Second Approach: Fat executors (One Executor per node):
Fat executors essentially means one executor per node. Following table depicts the values of our spark-config params with this approach:
--num-executors = 10 (In this approach, we'll assign one executor per node total-nodes-in-cluster 10)

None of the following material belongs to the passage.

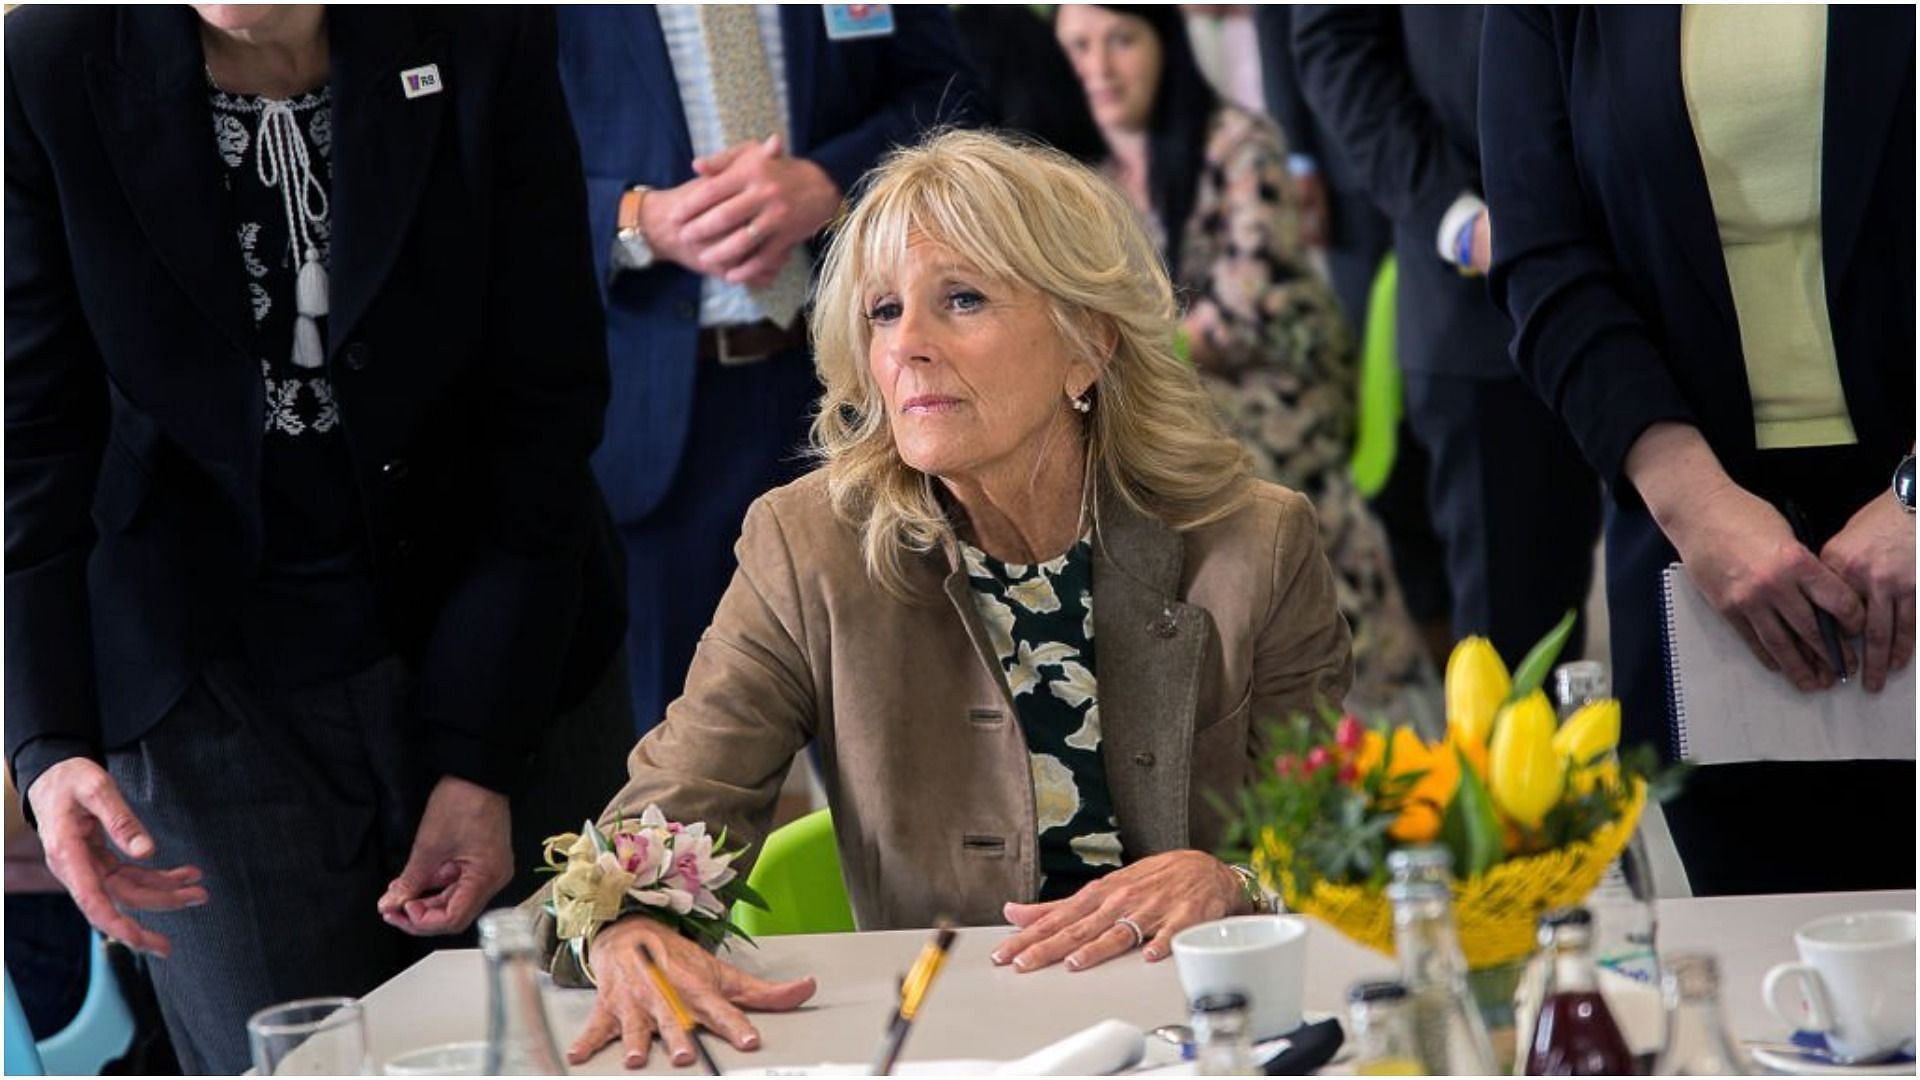 Jill Biden showed her support for the Ukrainian people and visited a school that is currently a temporary shelter (Image via Zuzana Gogova/Getty Images)
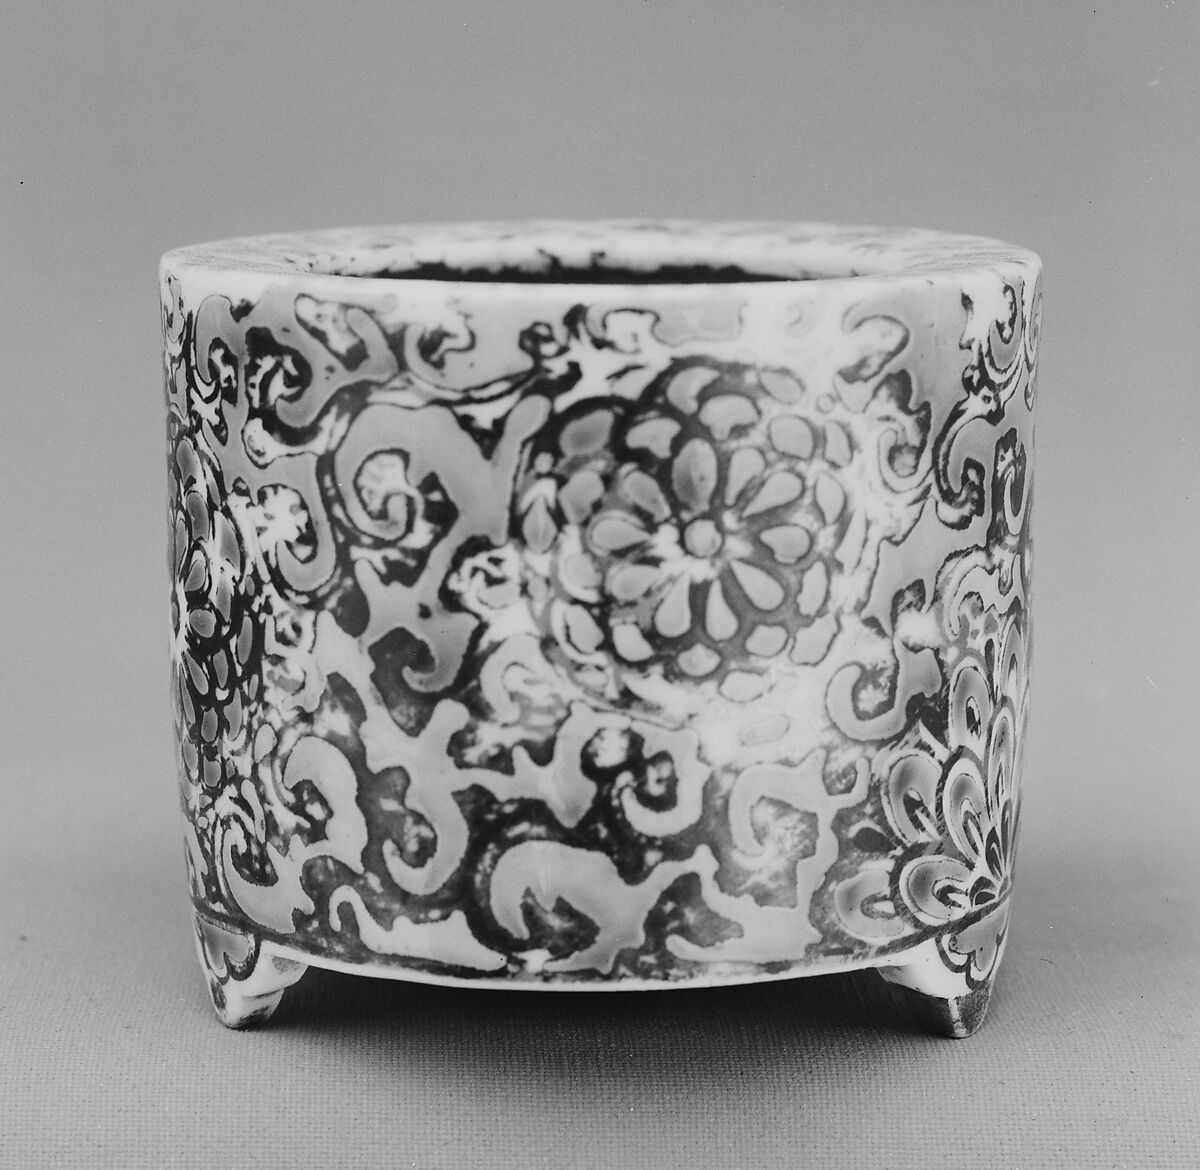 Incense Burner, White porcelain decorated with enamels and gold (Hizen ware, Kutani type), Japan

--executor-cores = 16 (one executor per node means all the cores of the node are assigned to one executor total-cores-in-a-node 16)
--executor-memory = 64GB (amount of memory per executor mem-per-node/num-executors-per-node 64GB/1 = 64GB)
Analysis: With all 16 cores per executor, apart from ApplicationManager and daemon processes are not counted for, HDFS throughput will hurt and it’ll result in excessive garbage results. Also,NOT GOOD!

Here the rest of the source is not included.